Current brain-inspired computing systems suffer from opacity (the “black-box” problem) and lack biological interpretability. Method: This study constructs an explainable biologically grounded reservoir computing system by replacing artificial recurrent units with *in vitro* cultured living neuronal networks. Using multielectrode arrays, handwritten digit stimuli are delivered as spatiotemporal electrical patterns; the resulting high-dimensional, dynamic neural responses are recorded and classified via a linear readout. Contribution/Results: We present the first end-to-end biologically implemented reservoir computing paradigm. On a MNIST subset classification task, the system achieves performance comparable to conventional artificial reservoirs, while enabling direct, interpretable mapping of computational dynamics onto underlying neurophysiological activity—offering both mechanistic transparency and biological plausibility. This work establishes a novel, experimentally verifiable framework for integrating biological intelligence with artificial intelligence.

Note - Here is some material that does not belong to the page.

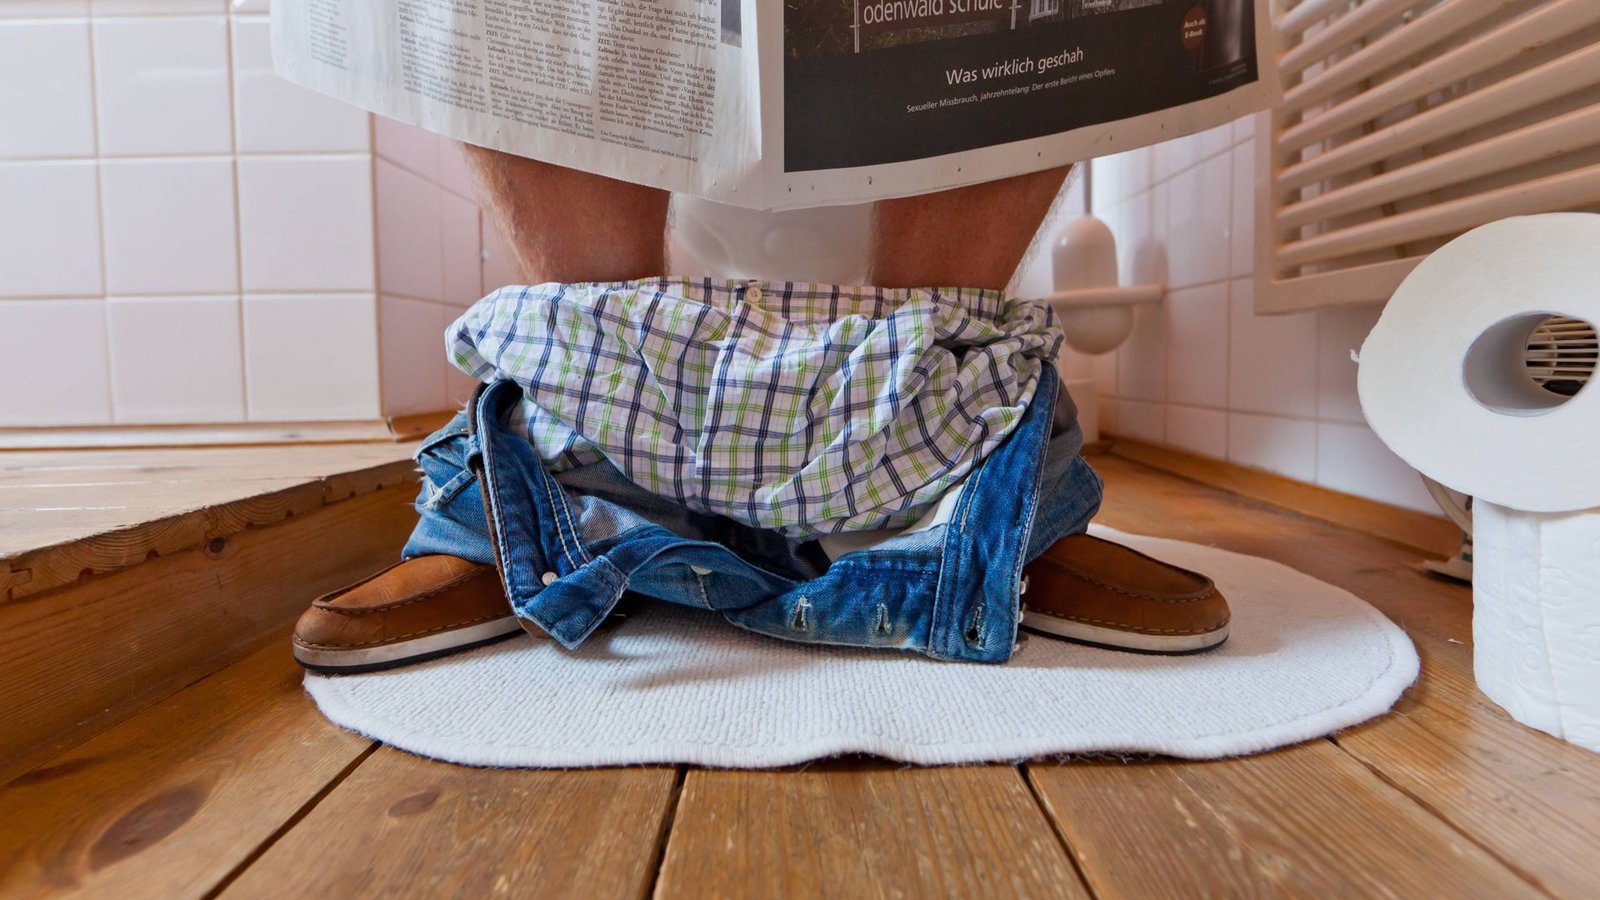 Jugendliche und junge Männer tragen am häufigsten schmutzige Unterhosen (Symbolbild).Foto: imago stock&people/imago stock&people

In this paper, we present a biologically grounded approach to reservoir computing (RC), in which a network of cultured biological neurons serves as the reservoir substrate. This system, referred to as biological reservoir computing (BRC), replaces artificial recurrent units with the spontaneous and evoked activity of living neurons. A multi-electrode array (MEA) enables simultaneous stimulation and readout across multiple sites: inputs are delivered through a subset of electrodes, while the remaining ones capture the resulting neural responses, mapping input patterns into a high-dimensional biological feature space. We evaluate the system through a case study on digit classification using a custom dataset. Input images are encoded and delivered to the biological reservoir via electrical stimulation, and the corresponding neural activity is used to train a simple linear classifier. To contextualize the performance of the biological system, we also include a comparison with a standard artificial reservoir trained on the same task. The results indicate that the biological reservoir can effectively support classification, highlighting its potential as a viable and interpretable computational substrate. We believe this work contributes to the broader effort of integrating biological principles into machine learning and aligns with the goals of human-inspired vision by exploring how living neural systems can inform the design of efficient and biologically plausible models.